2019 Lake County Vintage Report
Updated: Dec 22, 2019
The 2019 vintage was a snapshot of extremes. A cold, wet and lingering Spring dropped over an inch of thunderstorm-powered rain June 1st on Kelsey Bench, but somehow most Lake County escaped frost damage, even in higher altitude Red Hills AVA. By July 20th we were two weeks behind "normal" viticultural pace, and looking at a very cool, high-acid, austere vintage, which was an exciting but complicated prospect.
However, August was a different story all together. Regular multi-day stretches over 100F and very warm evenings, sometimes barely dropping below 65F in Kelsey Bench AVA accelerated the season radically. By September 1st some people were calling the season a few days ahead of normal, with brix readings running high in early and mid-season cultivars in conjunction with high acidity and low phenolic ripeness from heat-induced hibernation. Late season grapes like Cabernet Sauvignon were location and crop load dependent in their sugar accumulation. Fortunately September brought significant cooling stretches mixed with spaced-out heat spikes. The initial harvest deluge was frantic, with most whites and early-season reds hitting all at once, and in the midst of a depressed grape market in free fall and wineries declining grapes, things seemed extra chaotic.
The end of September saw a solid week of plummeting temperatures however, slowing the rush and allowing fermentation tanks to finish and clear.
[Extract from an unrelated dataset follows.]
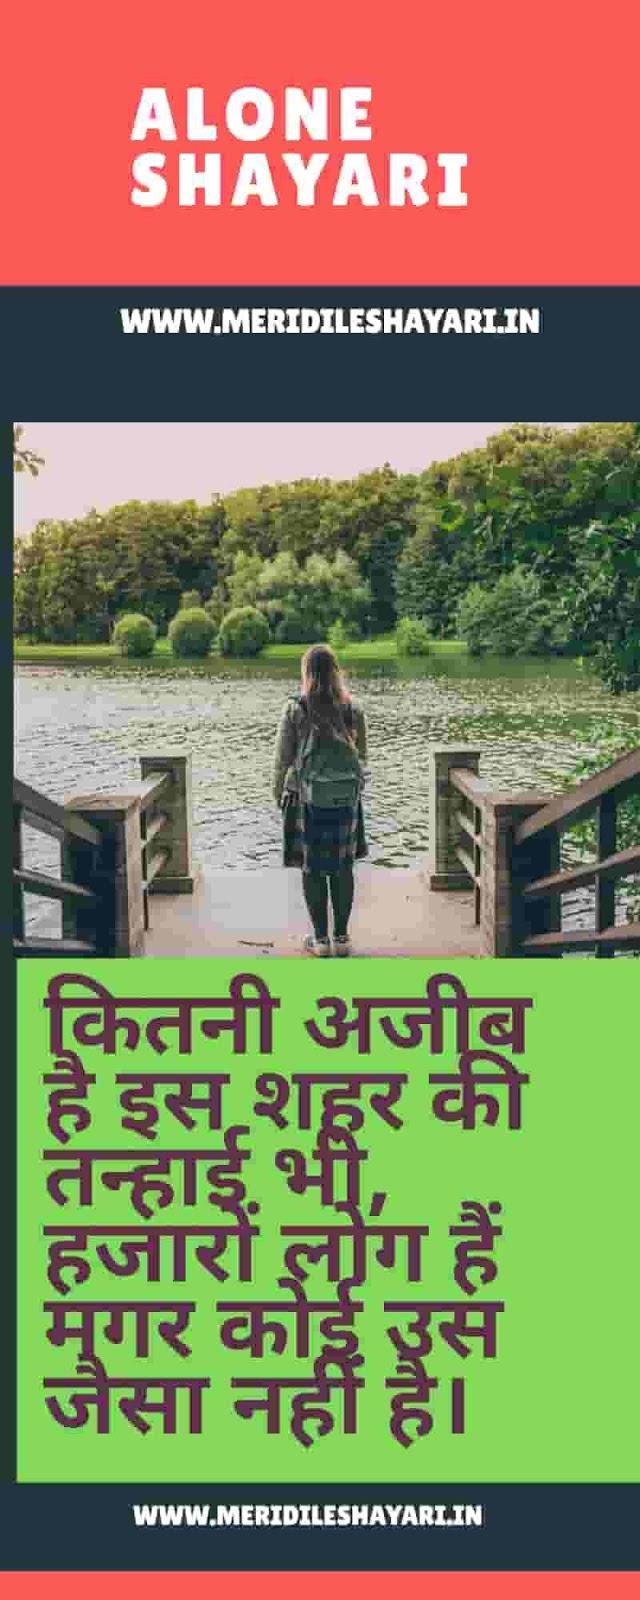 Alone shayari,alone shayari in hindi,alone hindi shayari,alone shayari image in hindi,alone 2 line shayari in hindi,alone hindi shayari image,meri dil e shayari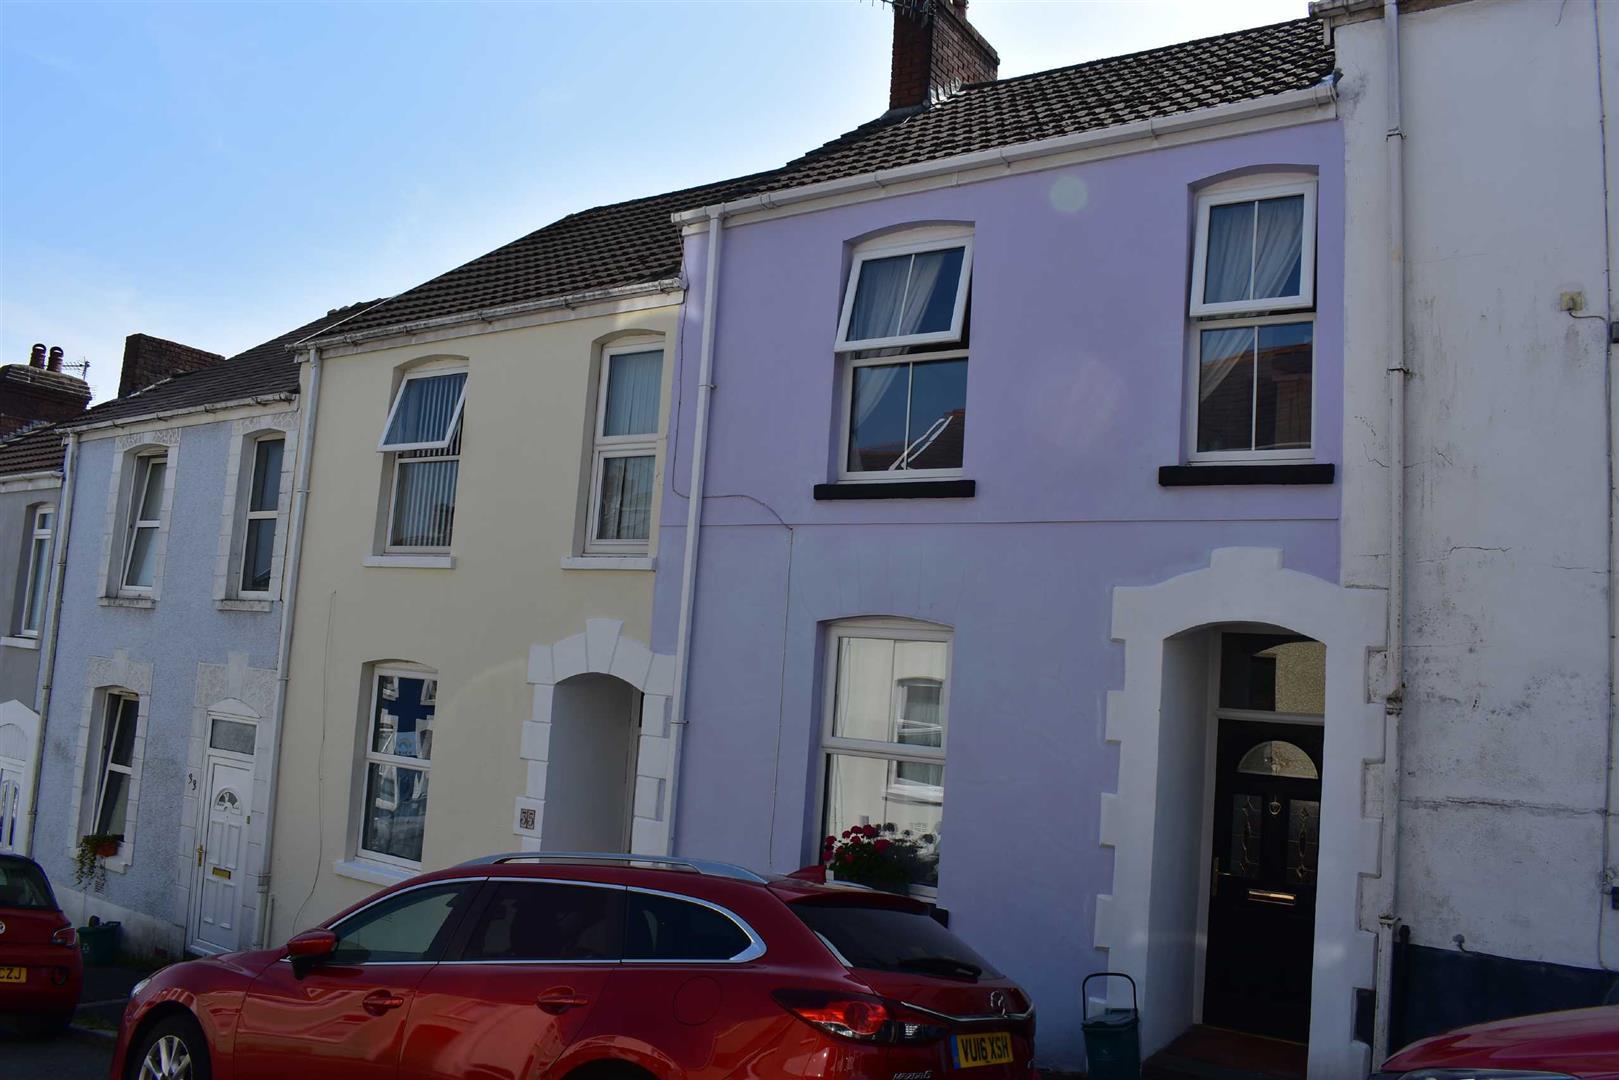 Cambridge  Street, Uplands, Swansea, SA2 0NB

This separated the grape harvest into an early and later period with some breathing room rather than pure chaos. For the second year some grapes, such as Zinfandel, reacted strangely to the temperature swings in our area, ripening up to three weeks later than normal (if at all) along with stubborn Merlot.
All things considered, the first half of the season clearly recalled 2017 with rain, high disease pressure from cool and humid conditions, and an ever increasing labor squeeze. The second half was similar to 2018, with a very hot August compressing the season, a frantic start, and then stalling out and setting the stage for a long and calm second half which really benefited late-ripening cultivars.
Expect crisp, early-picked Sauvignon blanc with hints of Old World phenolics and Chardonnay that is largely citrus driven if picked early due to sugar accumulation unless left to hang for tropical ripeness. Reds will be all over the board. Lighter reds picked in the bright and primary style of the moment will show pleasing angularity, savor and light color, but phenolic development may be lower. Bigger styles and Cabernet in particular required some patience to build ripeness with moderate acidity, but canopies needed to be cautiously full to protect against overexposure in August. Red Hills fruit showed good, bright acidity with just-enough Cabernet ripeness to make for a solid New/Old World mashup, the altitude mitigating August heat, though higher-elevation vineyards that were waiting for last-minute buyers had Fall frost to contend with in some spots. Those who were challenged by vineyard details at lower elevations could be either overripe from heat-challenged canopies, underripe from labor shortage and broken contract panic, or just perfectly right by staying the course. This was a vintage that will reward nuanced experience in the winery as well.
From the winery side this vintage differed from 2018 drastically. North Coast fermentations in 2018 were afflicted with record numbers of stuck and sluggish issues, and in retrospect we learned from grape analyses that nitrogen levels were the lowest in at least five years. Malolactic fermentations were all over the board. In 2019 fermentations have returned to normal, even running into the happy and easy category in many areas, and malolactic conversion has been blisteringly fast, sometimes taking place simultaneously with primary fermentation though not inoculated.
My view from the vineyard is that crop load becomes very important in these challenging swings. Canopies left too heavy ended up being perfect to protect from scorching August days. But, too little crop risks pushing alcohols far too high in the hot August nights. Too much crop load hurts phenolic development when the ripening curve compresses, and we processed much underripe fruit for people picking purely on sugar with screaming acidity and propane pyrazine. The new normal will require careful management right down the middle, preparing for the worst of cool starts and hot mid-seasons. One thing is sure though, the "new normal" will be a balancing act between many factors.